Well now I'm gonna try it! Thanks.


----------



## Henry the Hermit (Jun 2, 2010)

As the Forum nit-picker, I just want to point out that "electrical" tape is plastic, "electricians" tape is cloth.


----------



## tradspirit (Jul 23, 2012)

Thank you Henry..I was unaware of the difference.


----------



## Henry the Hermit (Jun 2, 2010)

tradspirit said:


> Thank you Henry..I was unaware of the difference.
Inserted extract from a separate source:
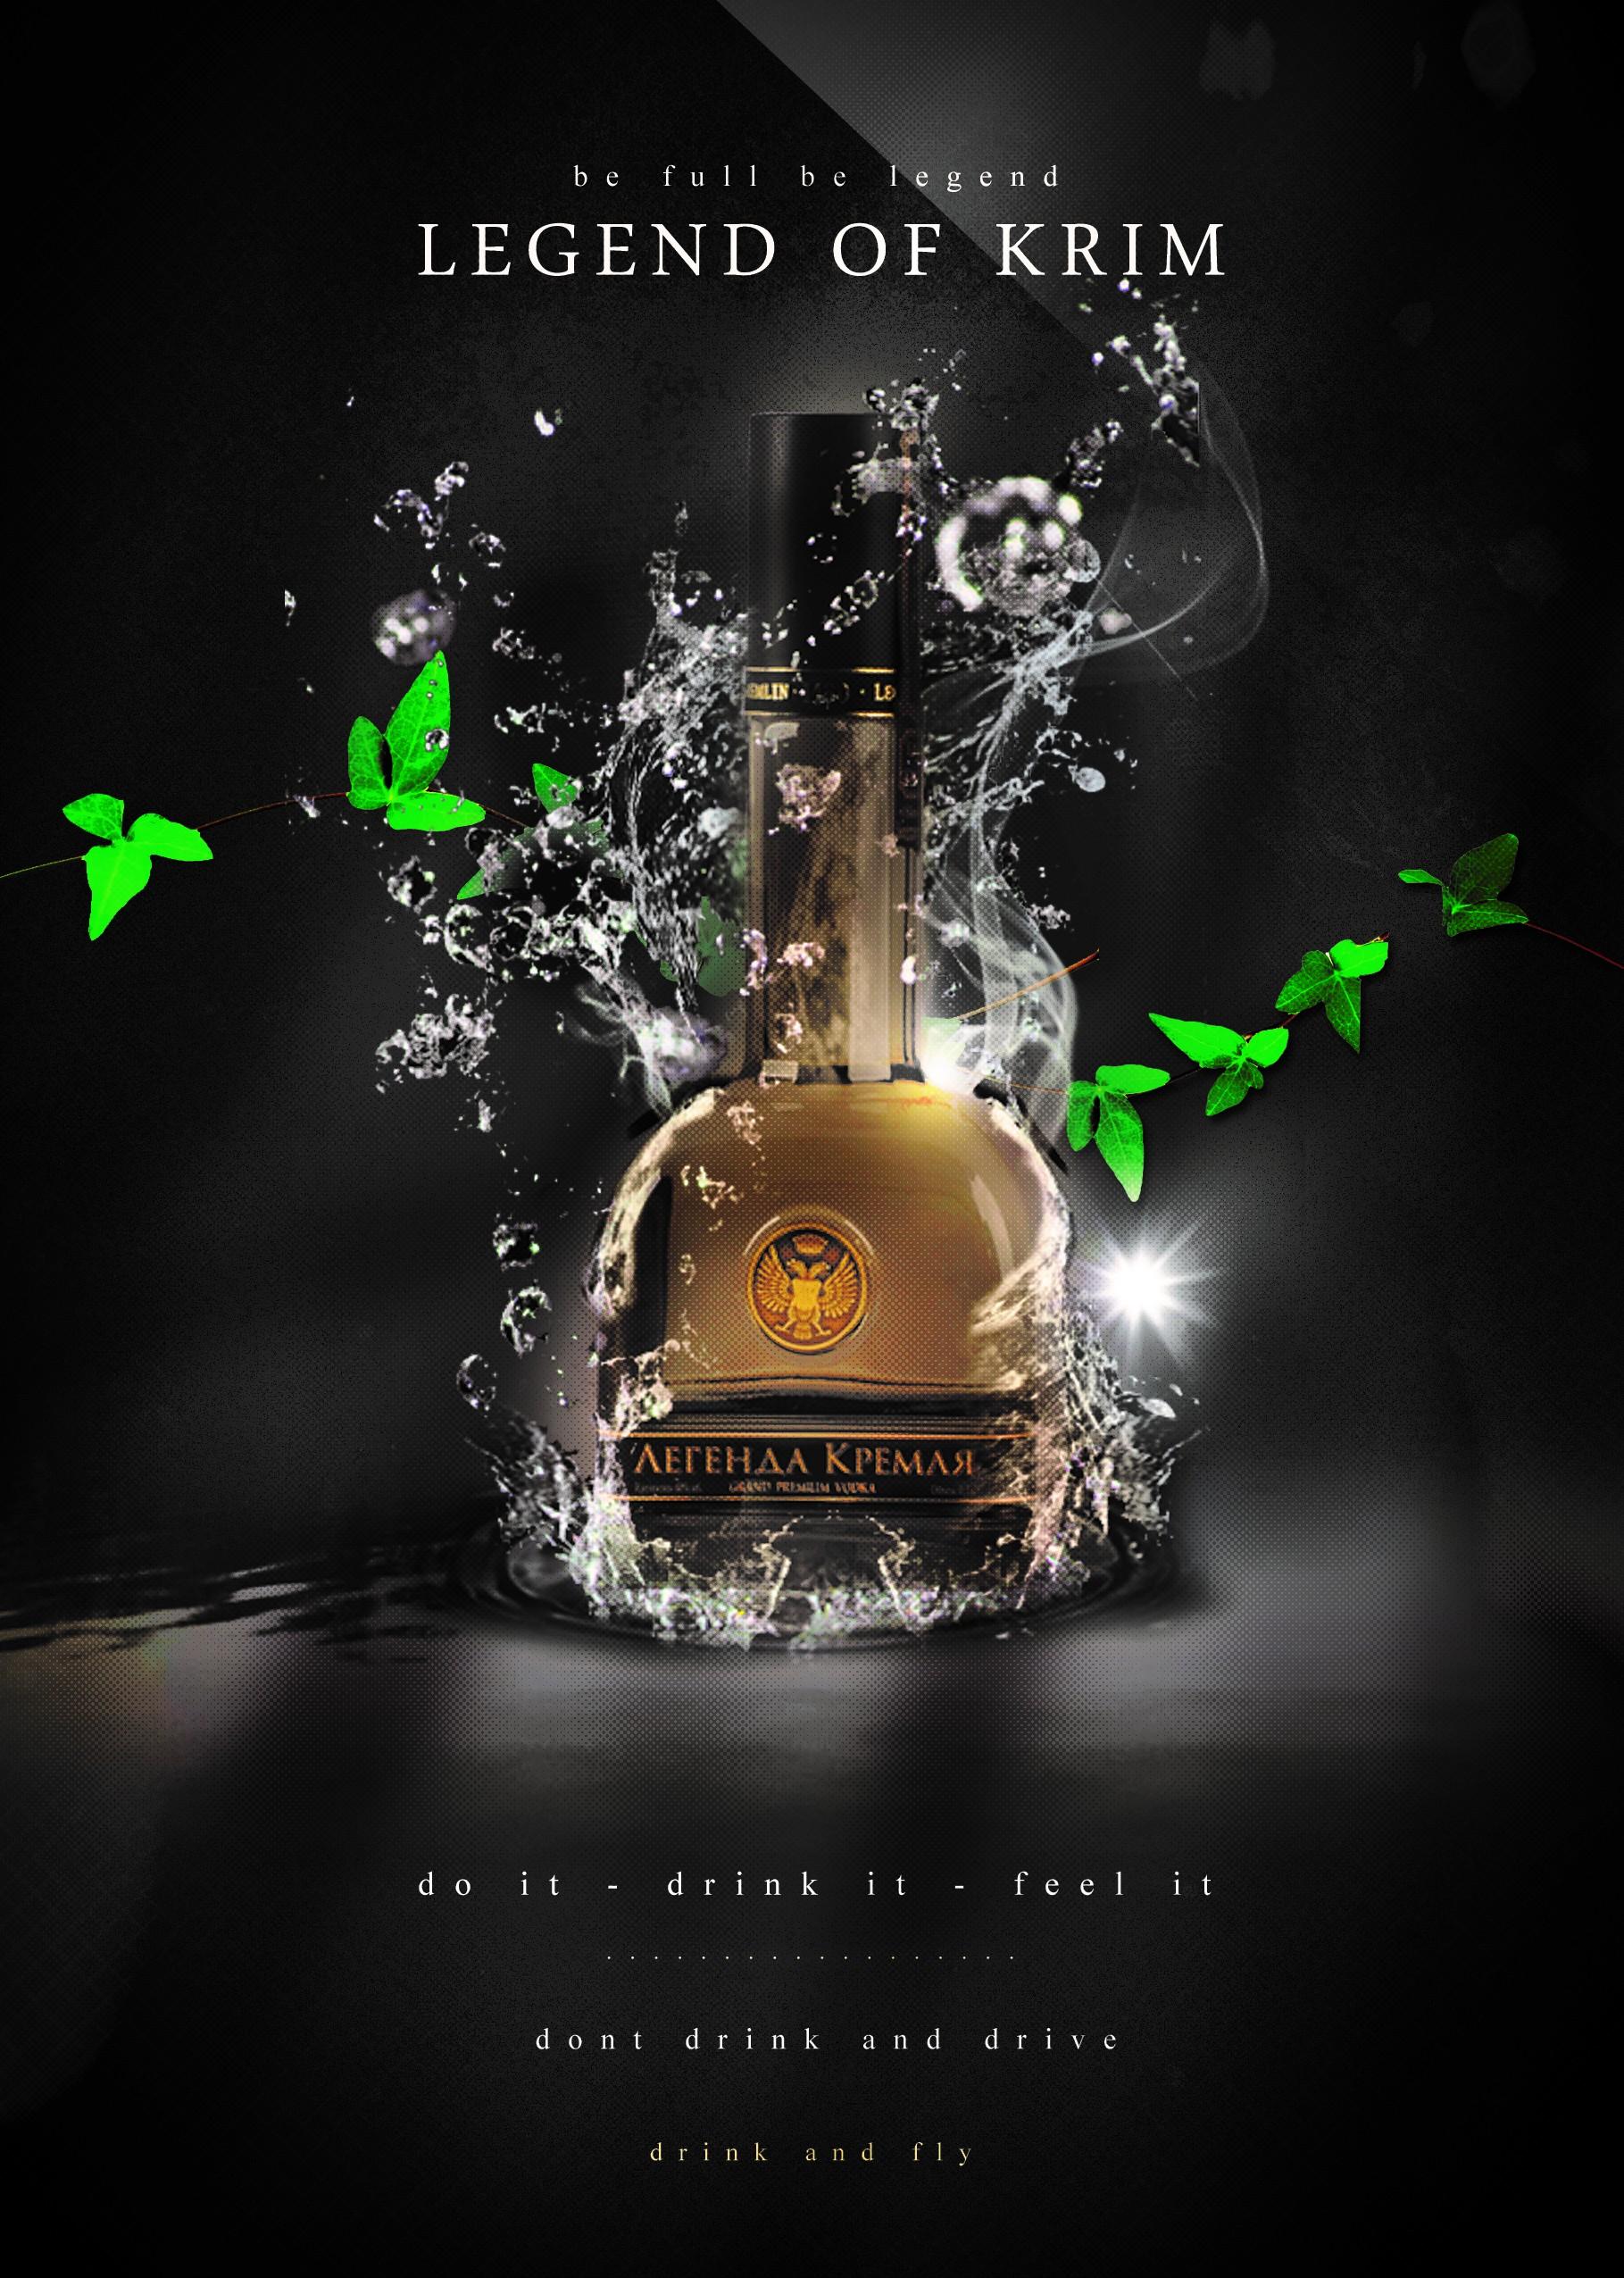 Gucci Wallpaper Hd Wallpaper Illustration Bottles Drink Alcohol Vodka

I don't think many people under 60 are. LOL!


----------



## Cjw (Nov 1, 2012)

There are different grades of electrical tapes the cloth type is friction tape it used to be used when splices were made. Most uses now is vi


----------



## Cjw (Nov 1, 2012)

Most used now is plastic or vinyl tape. Scotch 88 would most likely be the best for your application. I've been an electrician for 35 years.


----------



## Henry the Hermit (Jun 2, 2010)

I stand corrected, CJW. When I was a boy, cloth was the only type of electrician's tape available in my home town. As a career electronics tech, I never used cloth tape.


----------



## Dayhiker (Mar 13, 2010)

I don't know if I'd trust electrical tape in the tropics.... or in any slingshot that's been out in the sun for an hour or so. The glue softens and the tape starts to slide.


----------



## Cervantes (Jun 10, 2011)

Wear eye protection.
But with my Texas weather, I think I would need to wear a hockey mask before trying this out..


----------



## Flatband (Dec 18, 2009)

And then there's Electrical sealing tape. Looks just like Scotch 88 Electric tape but is a rubber compound and stretches real nice. I used it many years ago for tying bands to pouches and to the prongs. We called it "Rubber tape". Cut a piece,peel off the protective sheet,and stretch it out. I also tried heat shrink tape. Makes a very neat and professional attachment to the pouch but for obvious reasons you have to be REAL careful with the heat source! Flatband


----------



## Cjw (Nov 1, 2012)

The rubber is used in a 3 step process in splicing and insulating connections like split bolt connectors the 3 tape used are cambric, rubber splicing and finally vinyl or plastic tape.


----------



## Berkshire bred (Mar 4, 2012)

i understand the interest in different materials but why not just use a thin strip of your elastic.


----------



## Flatband (Dec 18, 2009)

Hey BB, it's just our nature. We have to try all possibilities!!!!!!!! Flatband


----------



## Henry the Hermit (Jun 2, 2010)

Gary is right. I'm quite sure that somewhere there is a good old boy about my age who once tied his inner tube rubber to a forked stick with barbed wire, or 'bob-war' as we called it.


----------